Rehydration: to rehydrate a dehydrated data package means to download the data files that are listed in the fetch.txt
file. Users can choose to download/rehydrate all files listed in the fetch.txt
file or use the flag --match
to part of the file names for rehydration.
We will use the same turtle download example with the --dehydrated
flag and look at the differences in the results.
datasets download genome accession --inputfile turtles.acc --filename turtles_vgp-select-dehy.zip --dehydrated
Collecting 3 records [================================================] 100% 3/3
Downloading: turtles_vgp-select-dehy.zip 6.79kB done
The first difference is the download size: 14KB dehydrated vs 9.14 GB regular download.

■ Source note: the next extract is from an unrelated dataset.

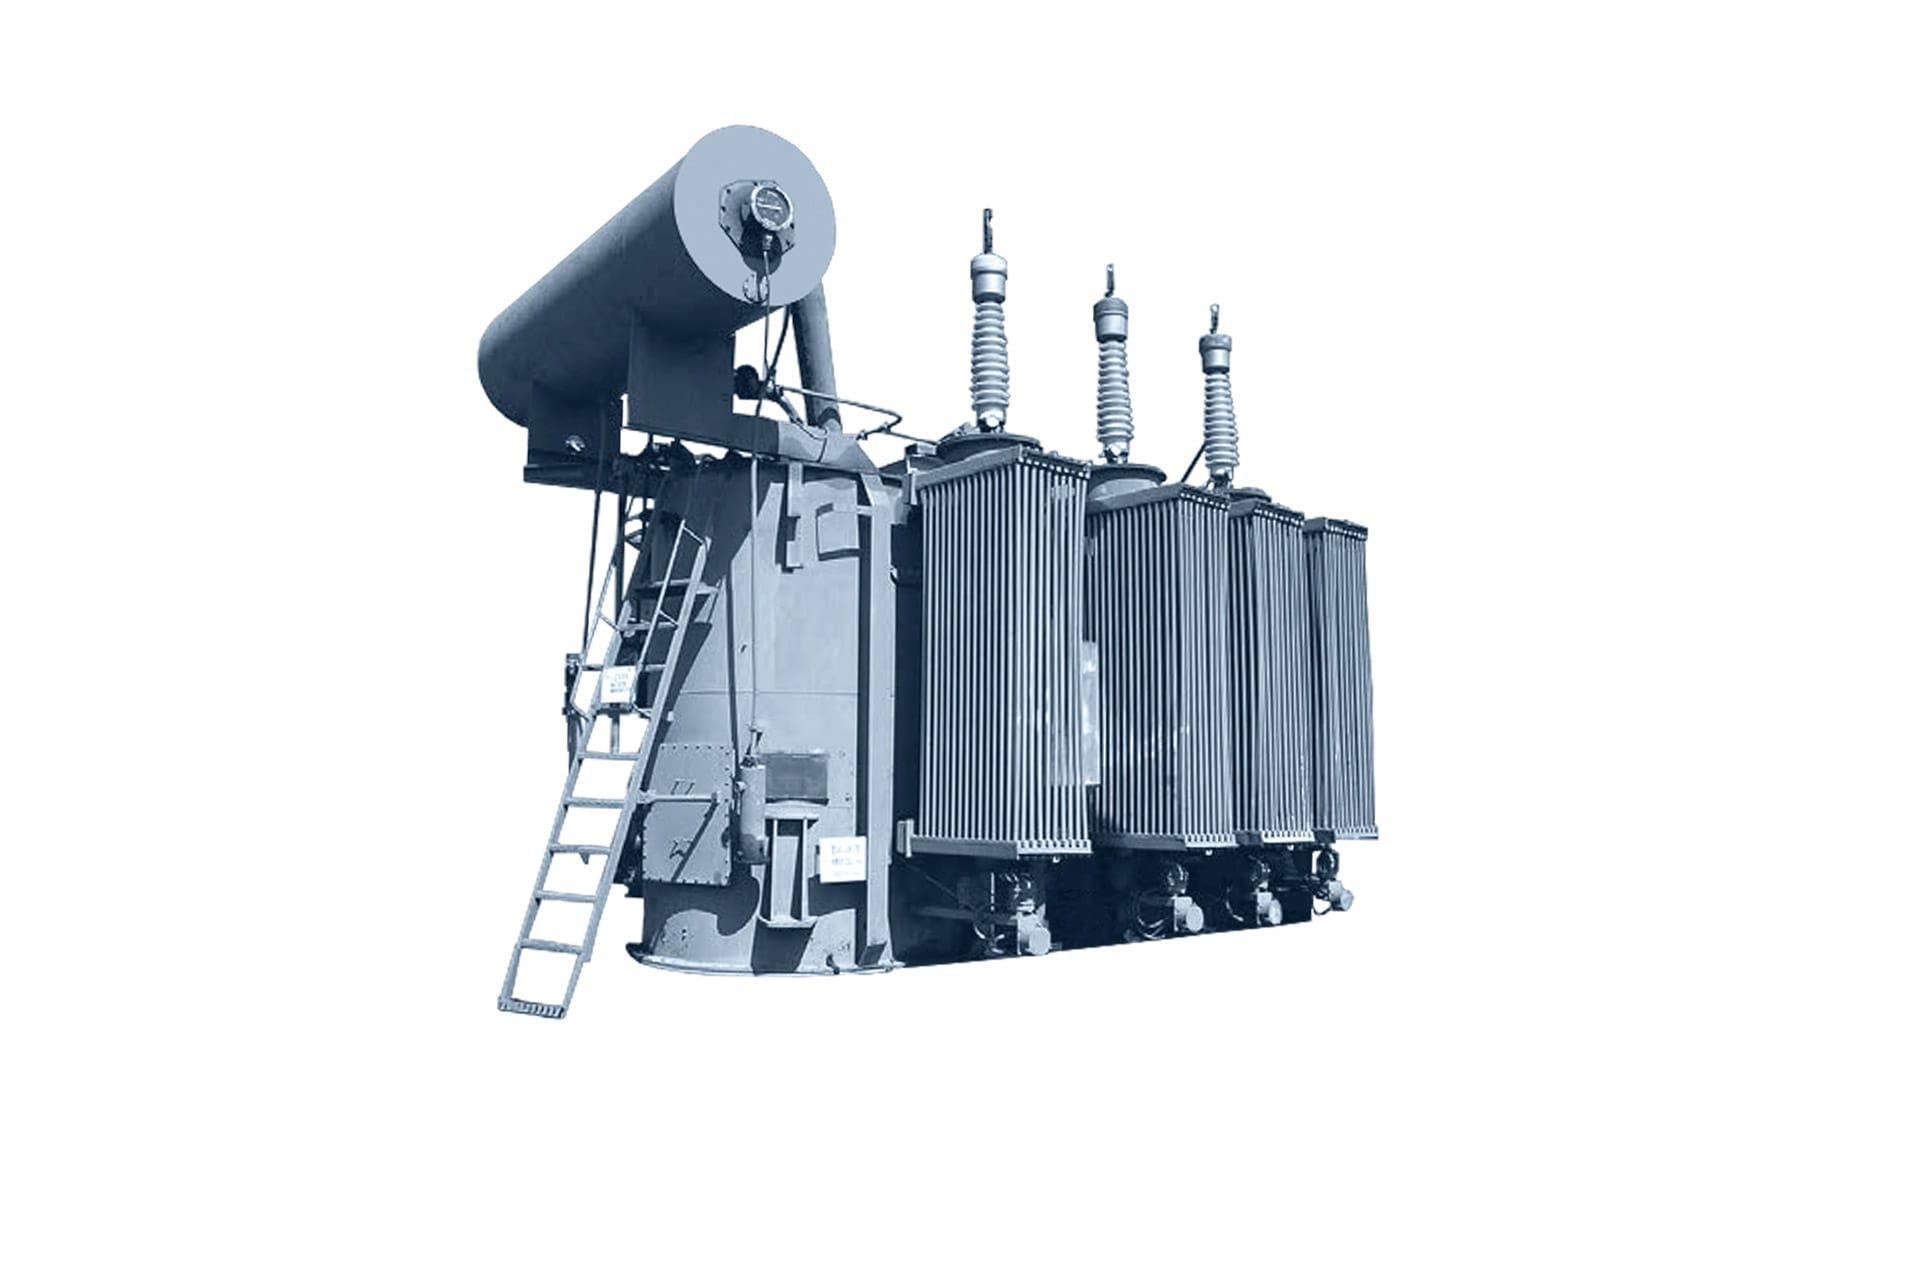 Ensons - Общий вид масляного трансформатора ТМН, ТДН, ТРДН 110 кВ

unzip turtles_vgp-select-dehy.zip -d turtles-vgp-dehydrated
tree turtles-vgp-dehydrated/
turtles-vgp-dehydrated/
|-- README.md
`-- ncbi_dataset
|-- data
| |-- assembly_data_report.jsonl
| `-- dataset_catalog.json
`-- fetch.txt
2 directories, 4 files
datasets rehydrate --directory turtles-vgp-dehydrated
Found 3 of 3 files for rehydration
Completed 3 of 3 [================================================] 100%
Let's look again at the folder turtles-vgp-dehydrated
to see what changed:
tree turtles-vgp-dehydrated/
turtles-vgp-dehydrated/
|-- README.md
`-- ncbi_dataset
|-- data
| |-- GCF_000230535.1
| | `-- GCF_000230535.1_PelSin_1.0_genomic.fna
| |-- GCF_000241765.5
| | `-- GCF_000241765.5_Chrysemys_picta_BioNano-3.0.4_genomic.fna
| |-- GCF_002925995.2
| | `-- GCF_002925995.2_T_m_triunguis-2.0_genomic.fna
| |-- assembly_data_report.jsonl
| `-- dataset_catalog.json
`-- fetch.txt
5 directories, 7 files
fetch.txt
, now the folder structure looks the same as we had with the original (non-dehydrated) download.
The most important question to answer is: why would I use this?¶
And the answer is: a dehydrated download is faster and more reliable than a regular download, simply because the number of files and amount of data being transferred is smaller. Also, the download process is serial, which means that one file is downloaded after the other, while the rehydration process runs in parallel, where multiple files can be downloaded at the same time. By default, datasets downloads/rehydrates 10 files in parallel, and that number can go up to 30. Another advantage is that the rehydration process can be resumed if it is interrupted for any reason; the same is not true for downloads: they either finish successfully or fail and can't be resumed, only restarted from the beginning.